I don't like to lose but I think I'm better at it than winning. And at the very least I've certainly got more practice. So I feel like a failure. I feel like I've failed myself, I feel like I've failed Ali more so, and I feel like I've failed a lot of friends. If life were a test, I'm pretty sure I would have an F.
Why is it that I don't feel validated unless I have some else's approval? I don't think I've done a good drawing until some one likes it. Which is why I used to always give them away. There is something deeply misaligned in me that I'm not sure chiropracters even know about.
I feel worse about having let Ali down then I do about myself. As if, I always knew I was a moron but now she does too. No I'm not sure what I mean. I lack eloquence and style. I lack clarity and a sure smile. I lack everything that I pretend to have and that's what kills me.
I know I need some spac. I know I need to go camping alone and lie in the woods and look up at the leaves and seperate the layers. I know I shouln't be spreading myself so thin. I know I should be getting lost inside my own head instead of lost out in the city. I know all of this.
And I say I can't do it right now because being in this apartment rips me apart.

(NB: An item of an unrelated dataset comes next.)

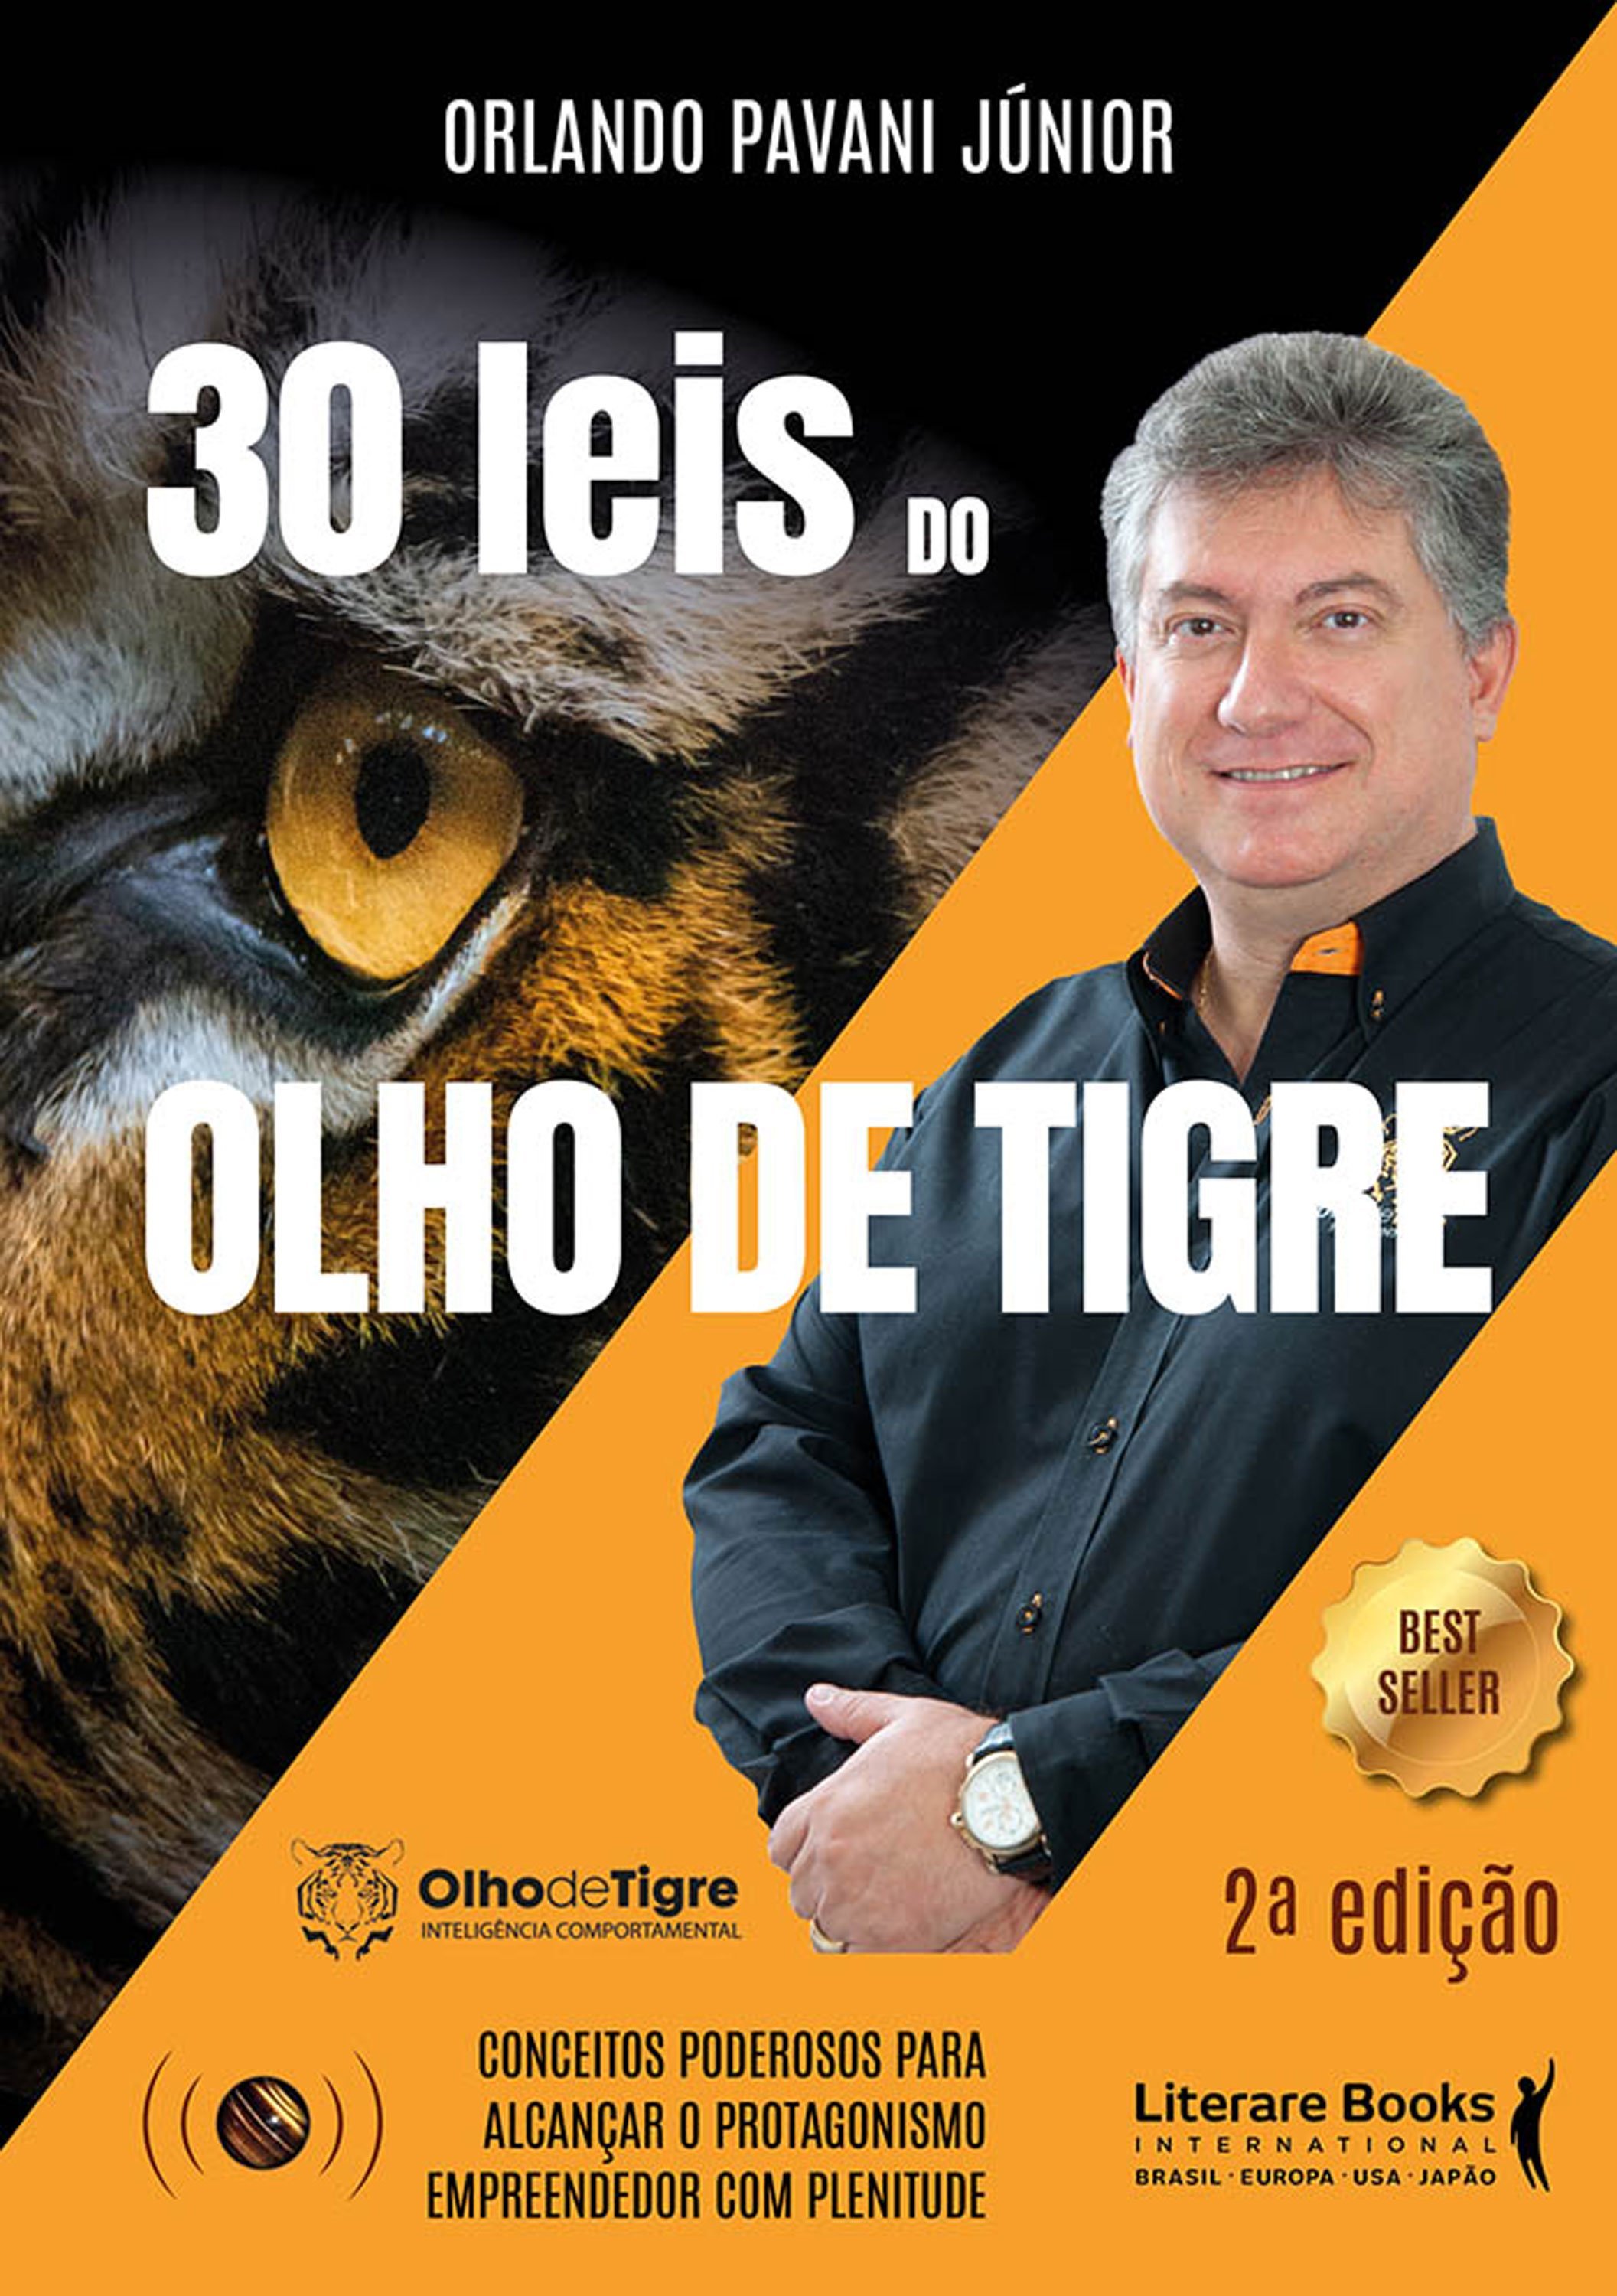 30 Leis do Olho de Tigre

And being out of it thinking about someone else moving into it rips me apart and I know more that I've failed.
I know I have made so many mistakes over the past few years and if I could take them back I would. But i can't and I shouldn't able to.
I shouldn't be able to say that I'm sorry and be forgiven. Not yet. Now now.
I want that feeling to come back where everything felt air. Like wind. Where nothing was too heavy and everything was funny. I want so badly to succeed, but I always come back to that deep lieing idea that I will perpetually be trying. That I will always come up short on success.
So I make jokes... and put up another layer. And I hide behind a thicker skin. And I get sadder and colder and more alone.
And it destroys me to read the things that she rights and now that every single stingy word is true. They all ring so true to the point where it's deafening. And I bottle it up and put up another layer.
I just don't want to do that any more... because I'm failing on all counts. I can't even succeed at turning myself off. I can hide it from everyone and I can pretend it's ok and I can drink another beer.
And I can stumble home to the apartment in the dark so that I don't have to see it. So I don't have to be reminded of all of the beautiful things that we said or did or had or ate or didn't eat. And the laughter... the goddam fucking laughter. Why did we have to laugh so much, I still fucking hear it and this apartment is haunting me and I need to get out of it.
So I ride my bike and I work the longest shifts and I go out all night and I try to run away from it all. And it brings me right back to her being right all along.
And I want to fix it... fuck do I want to fix it. But so far... I'm failing.